Jean-Noël Lavoie (/fr/; November 24, 1927 – March 17, 2013) was a notary and former political figure in Quebec. He represented Laval in the Legislative Assembly of Quebec and then the National Assembly of Quebec from 1960 to 1981 as a Liberal.

He was born in Montreal, the son of Zéphirin Lavoie and Laura Gaudreault, and was educated at the Saint-Arsène Orphanage there, at the Collège Laval in Saint-Vincent-de-Paul, at the Collège de Saint-Laurent and the Université de Montréal. He also received officer training at CFB Borden. Lavoie qualified as a notary in 1951 and entered practice in L'Abord-à-Plouffe (later part of Laval). He served as alderman for L'Abord-à-Plouffe and was mayor from 1959 to 1961. Lavoie was mayor of the newly formed city of Chomedey from 1961 to 1965. In 1962, he founded Opinions de l'Île-Jésus/Citizen of Île-Jésus.

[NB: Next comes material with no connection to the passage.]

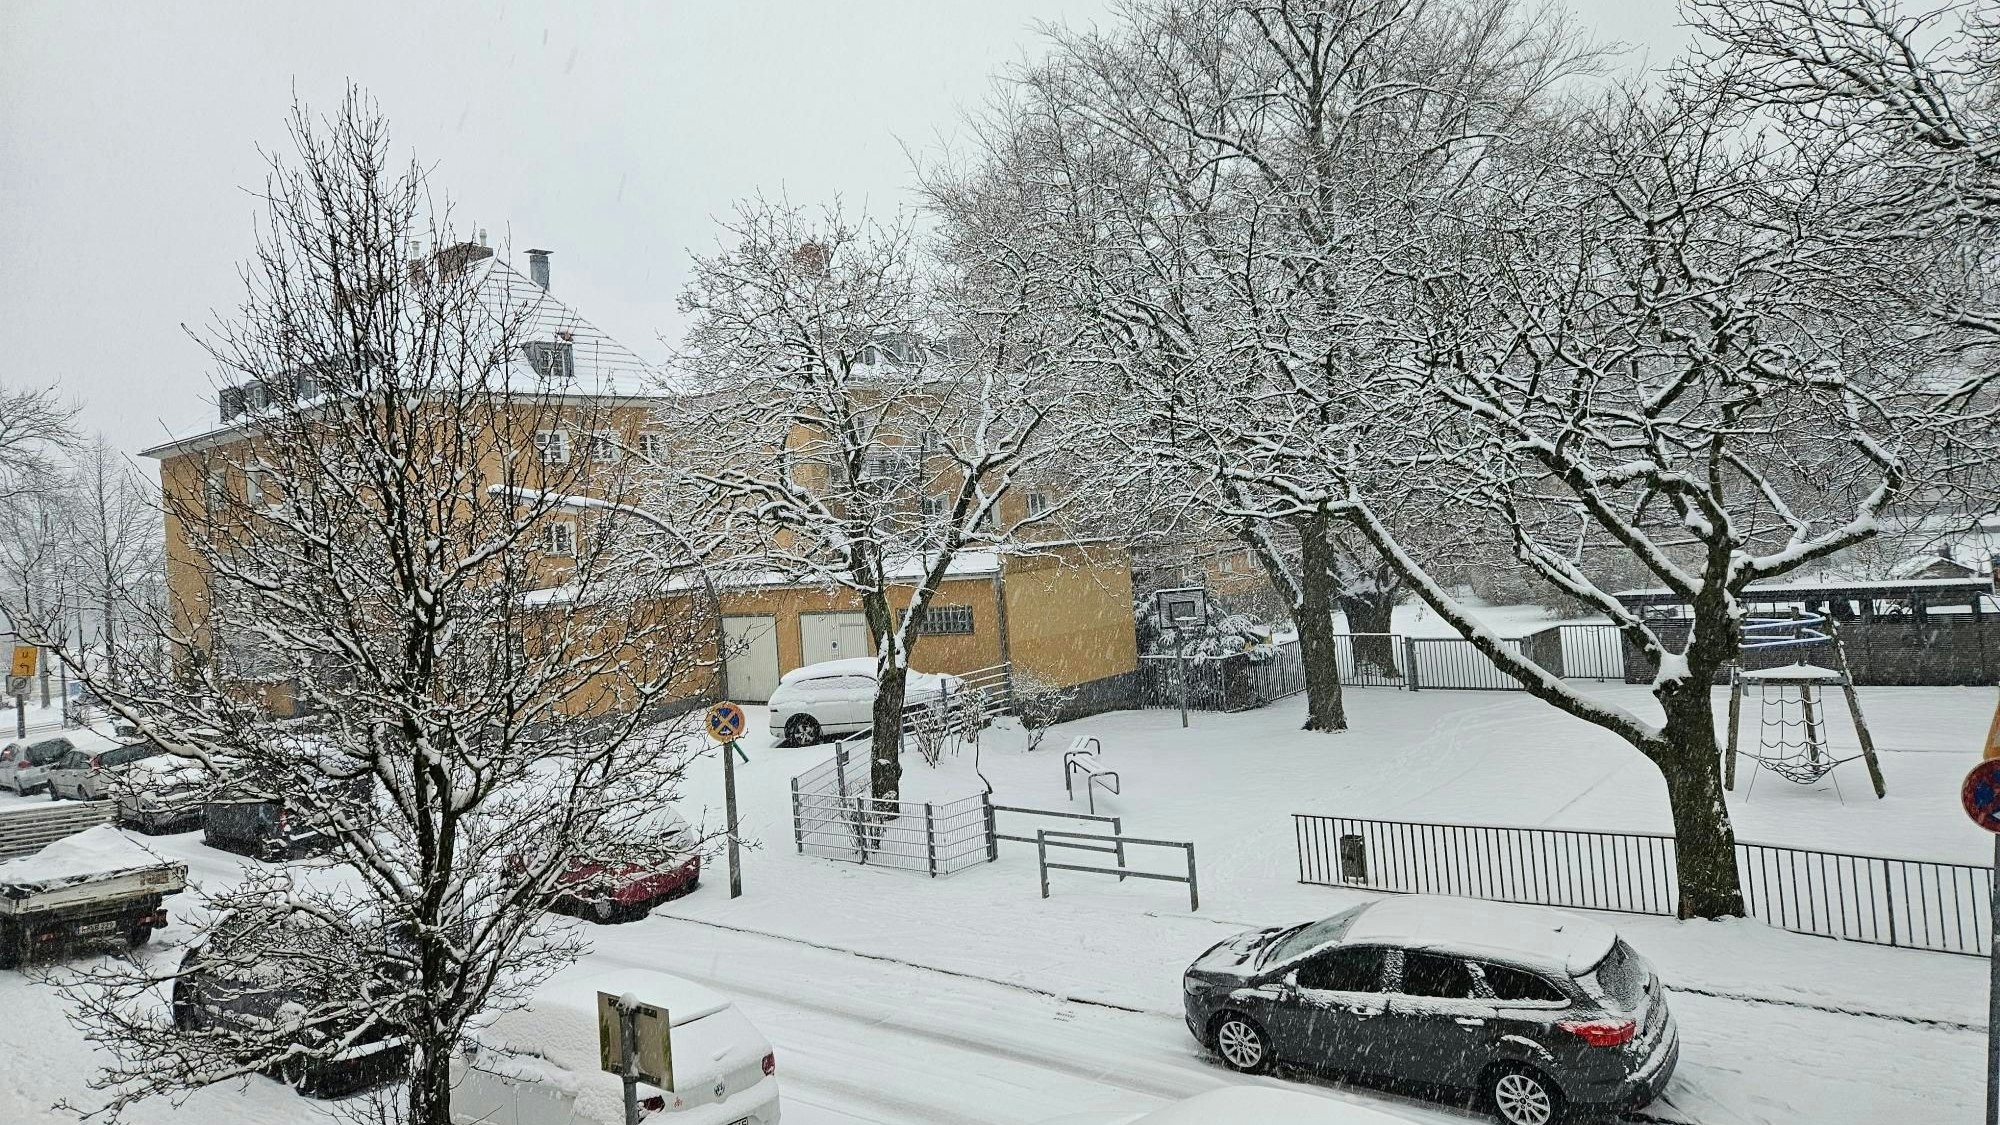 Verschneite Straße mit Autos, Bäumen und Wohnhaus

He was a driving force behind the formation of the city of Laval and was its first mayor in 1965; he was defeated when he ran for reelection later that year.

Lavoie ran unsuccessfully for a seat in the Quebec assembly in 1956 and then was elected in 1960 and re-elected in 1962 and 1966. He resigned his seat in the assembly in 1969 to run unsuccessfully for mayor of Laval, Quebec; Lavoie was reelected to the assembly in 1970, 1973 and 1976. He was President of the National Assembly of Quebec from 1970 to 1976. Lavoie was opposition house leader in the assembly from 1976 to 1979. He did not run for reelection in 1981.

He was named to the Order of Canada in 1992 and to the Order of La Pléiade in 1991. He published La saga de Laval in 1998.